Samuel Roberts: Hardware showcase

Final Fantasy XV sure looks nice running with a GTX 1080Ti, a graphics card that's about £150-£200 more than I'm likely to spend on one. The reveal of the game's PC version was great news, but when these announcements happen and they focus on details like hair and turf physics, it doesn't do much for me. The question I always want answered is, how will it run on a mid-range PC from the last two or three years with all of those settings switched off? That's likely how most people will be playing the game.

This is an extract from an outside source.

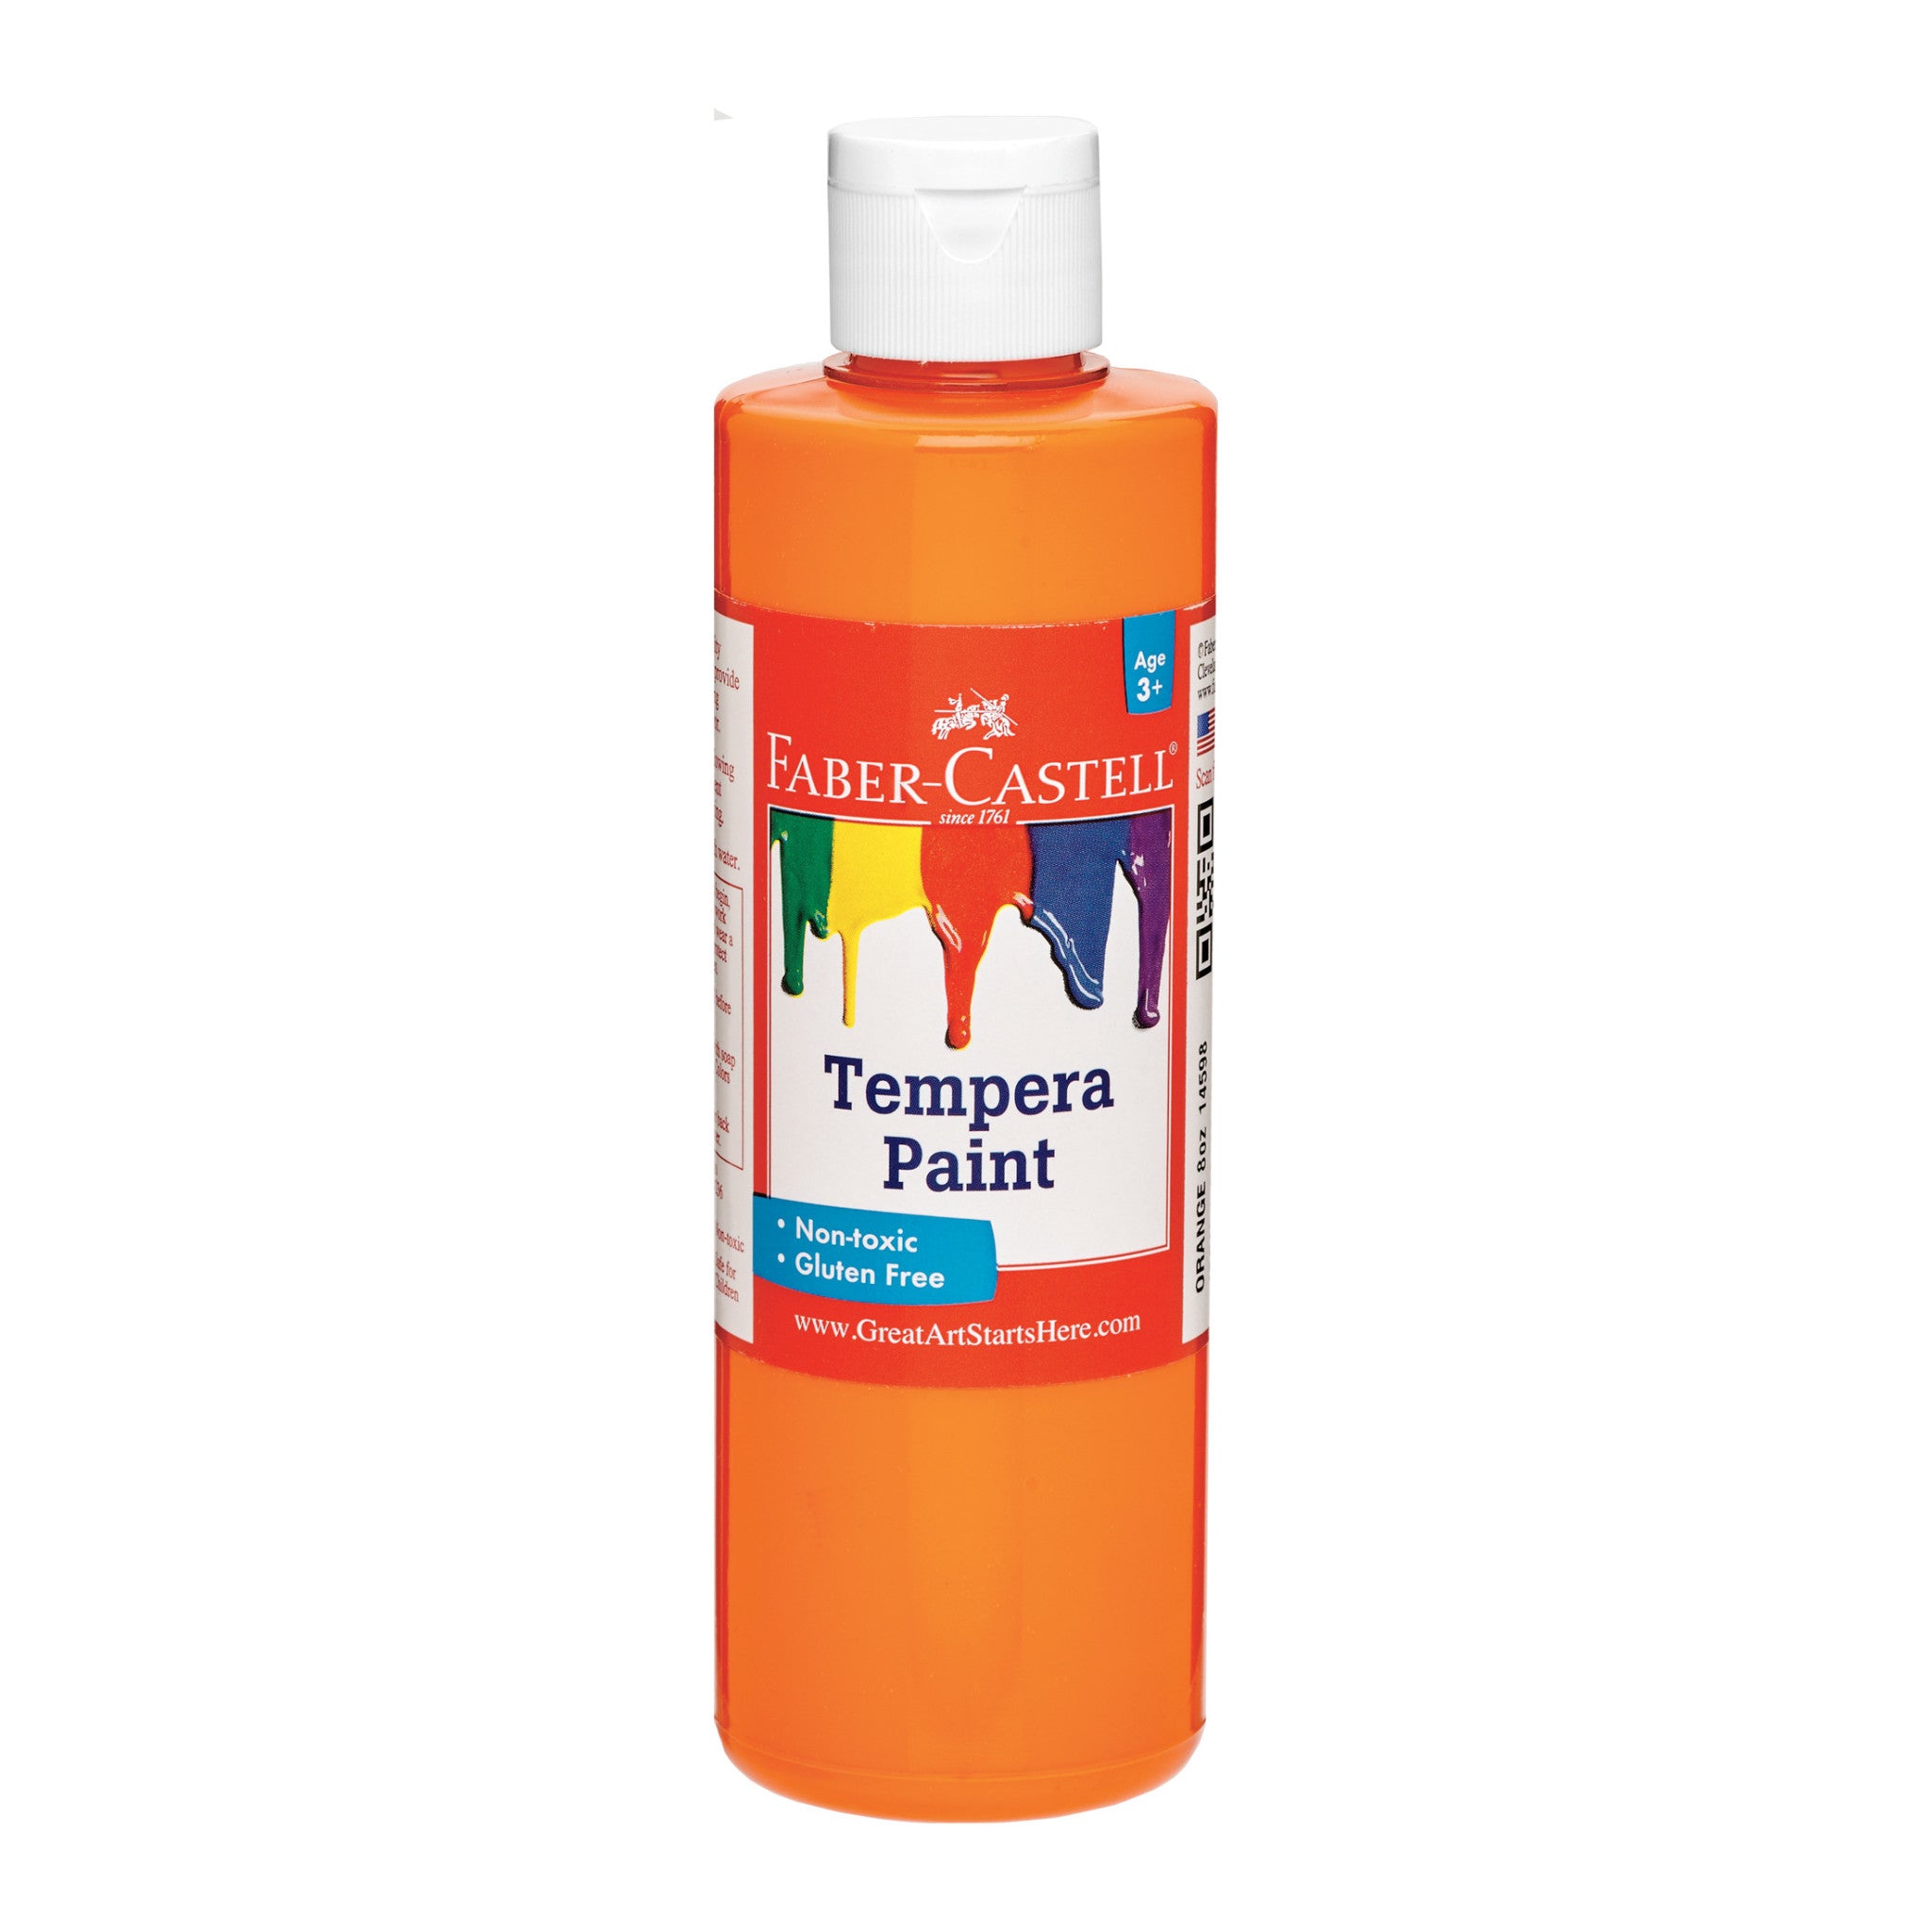 Faber-Castell Tempera Paint 8 oz Orange

Hey, it's nice all those settings exist, and clearly they're trying to sell the potential of the graphics card, but I'd wager people care more about optimisation. Luckily, when we finally asked director Hajime Tabata about that late this week, he gave us a reassuring answer.  

Tom Senior: Deja vu

Do you ever have the thing in a show where you associate one of the actors with a character so strongly that it breaks the fiction? I experienced a powerful case this week watching the Destiny 2 European Dead Zone videos. Tim wrote about the new activities Bungie is adding to fill out the new zones and improve patrol exploration—the weakest aspect of Destiny 1. I’m on board, the new stuff sounds like low-fat co-op fare that a fireteam can dip into between bouts of PvP in the crucible.

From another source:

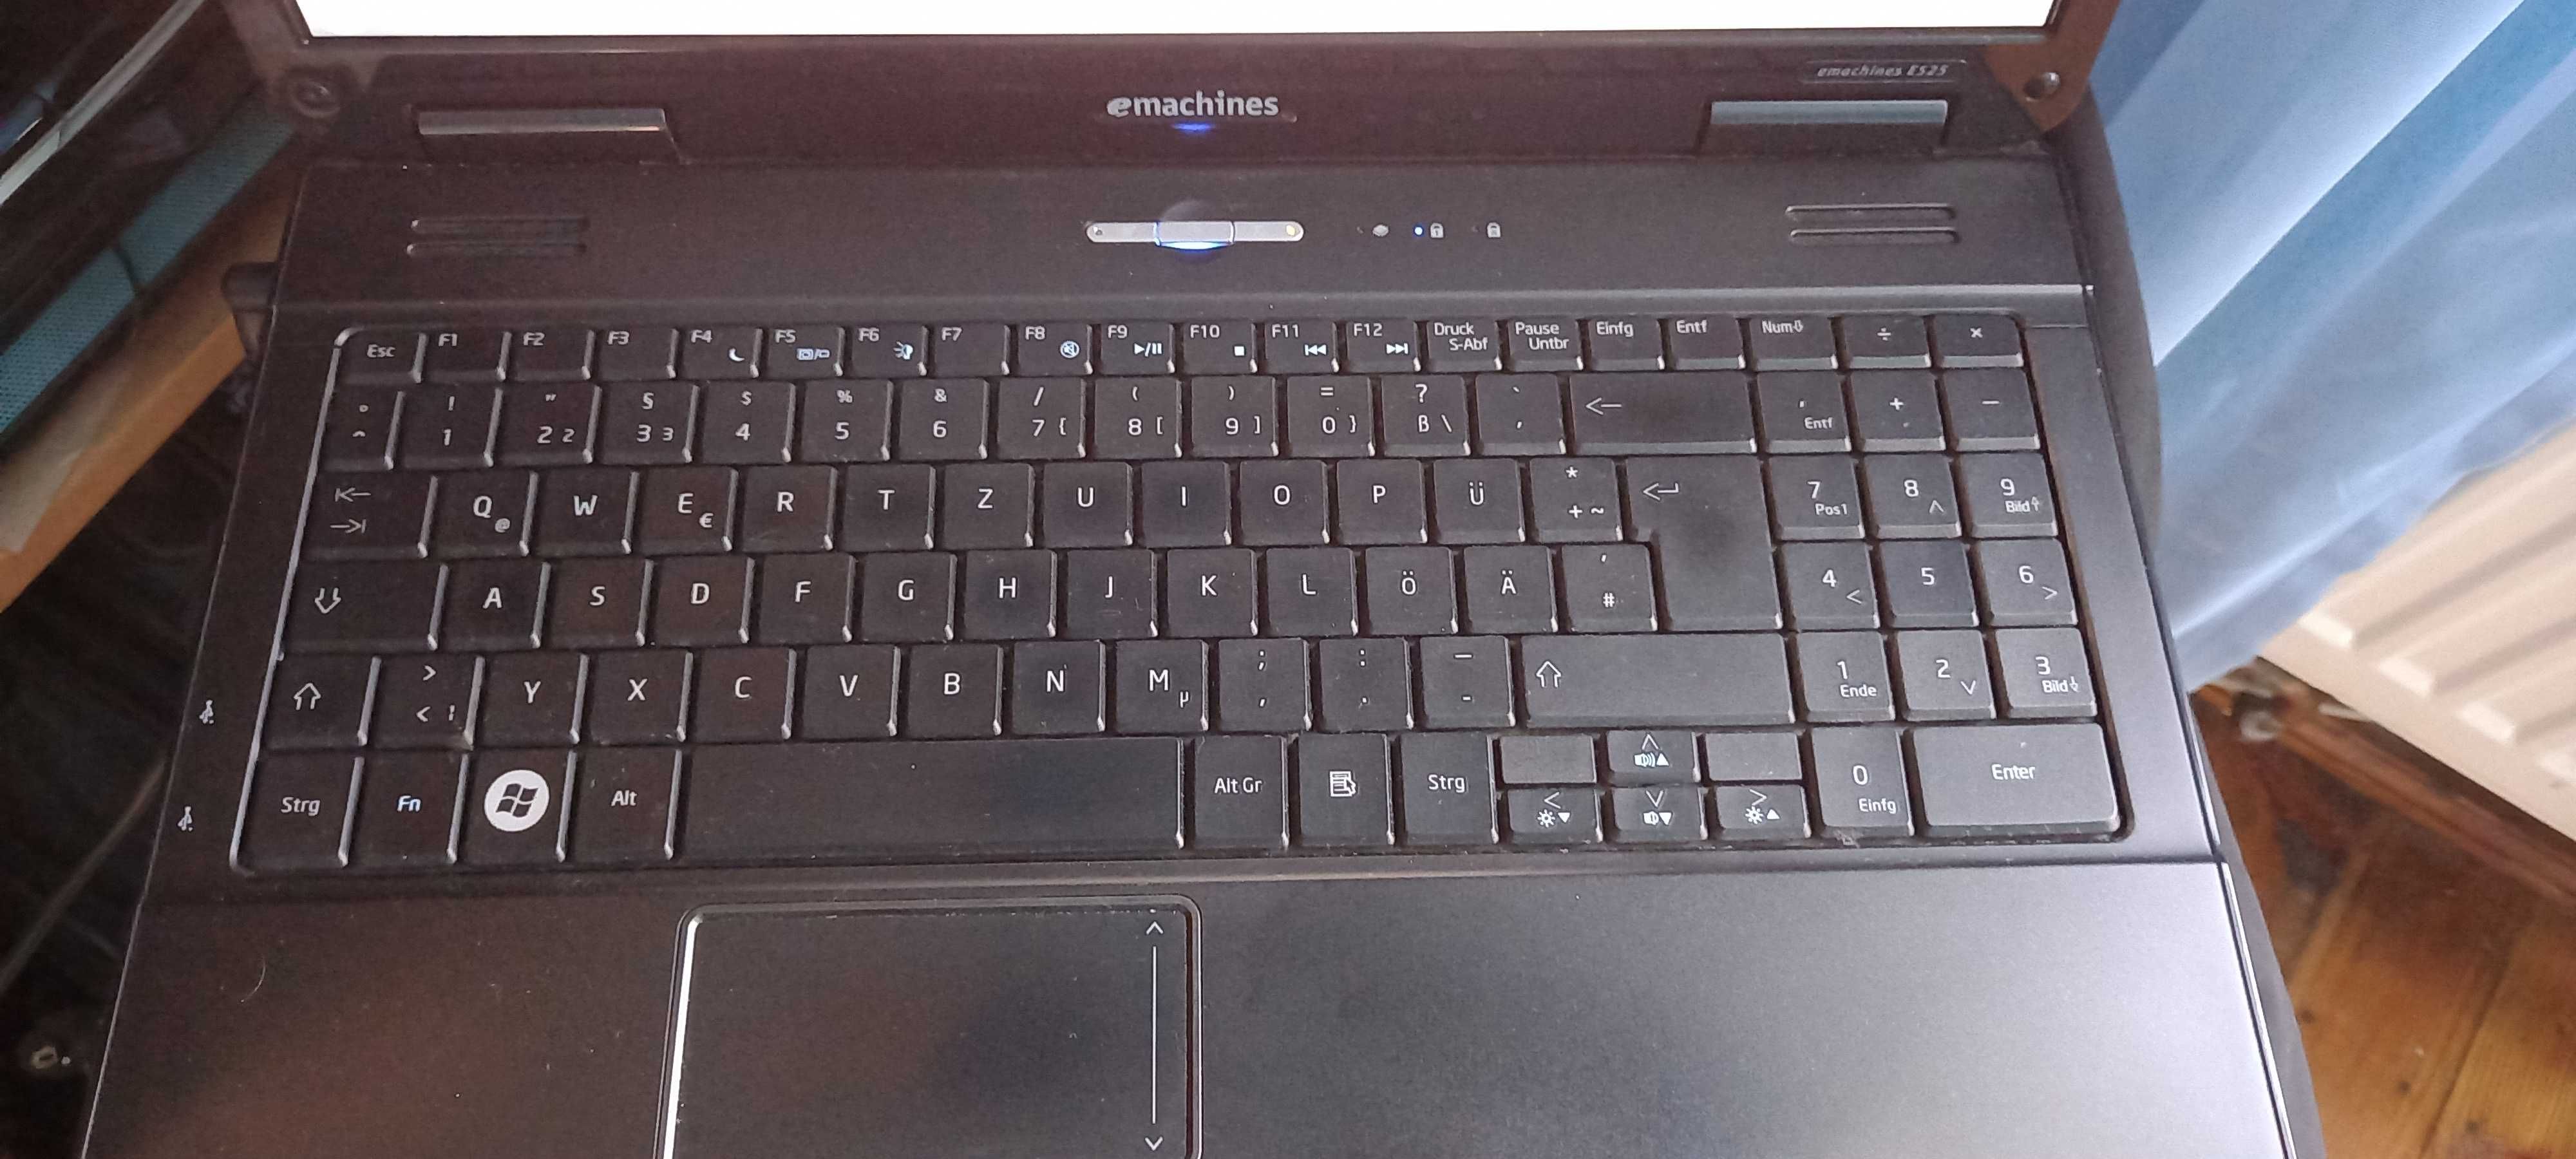 Laptop Emachines E525. Pret fix

But who is that charming resistance dude giving you all the missions in the EDZ? I’m convinced it’s Gideon Emery, aka Balthier from Final Fantasy XII, though it has been pointed it out that it could be Adam Croasdell, the voice of Ignis in Final Fantasy XV. Either way, there is a big honking Final Fantasy man in the middle of my glorious shooty space opera. The guy looks like he’s just slopped out of the giant test tube that generates endless parades of scruffy NPCs with dodgy beards, but when he speaks I can’t help but picture him in an ornate waistcoat with a musket. I know I’m going to play Destiny 2 for hundreds of hours, but I am not sure I will ever get used to that audiovisual dissonance. Final Fantasy seems to be infiltrating a lot of games at the moment, there’s even a very strange Assassin’s Creed crossover in the works.

James Davenport: Overit

Overwatch shorts still can’t make me feel. From a technical standpoint, I like Mei’s new Overwatch short, but every cute or sad or funny little film released so far overreaches with sentiment. What I’m saying is this: where is Reaper’s? And when it arrives, don’t give me a tragic backstory, please. I just want to see a moment in his life. 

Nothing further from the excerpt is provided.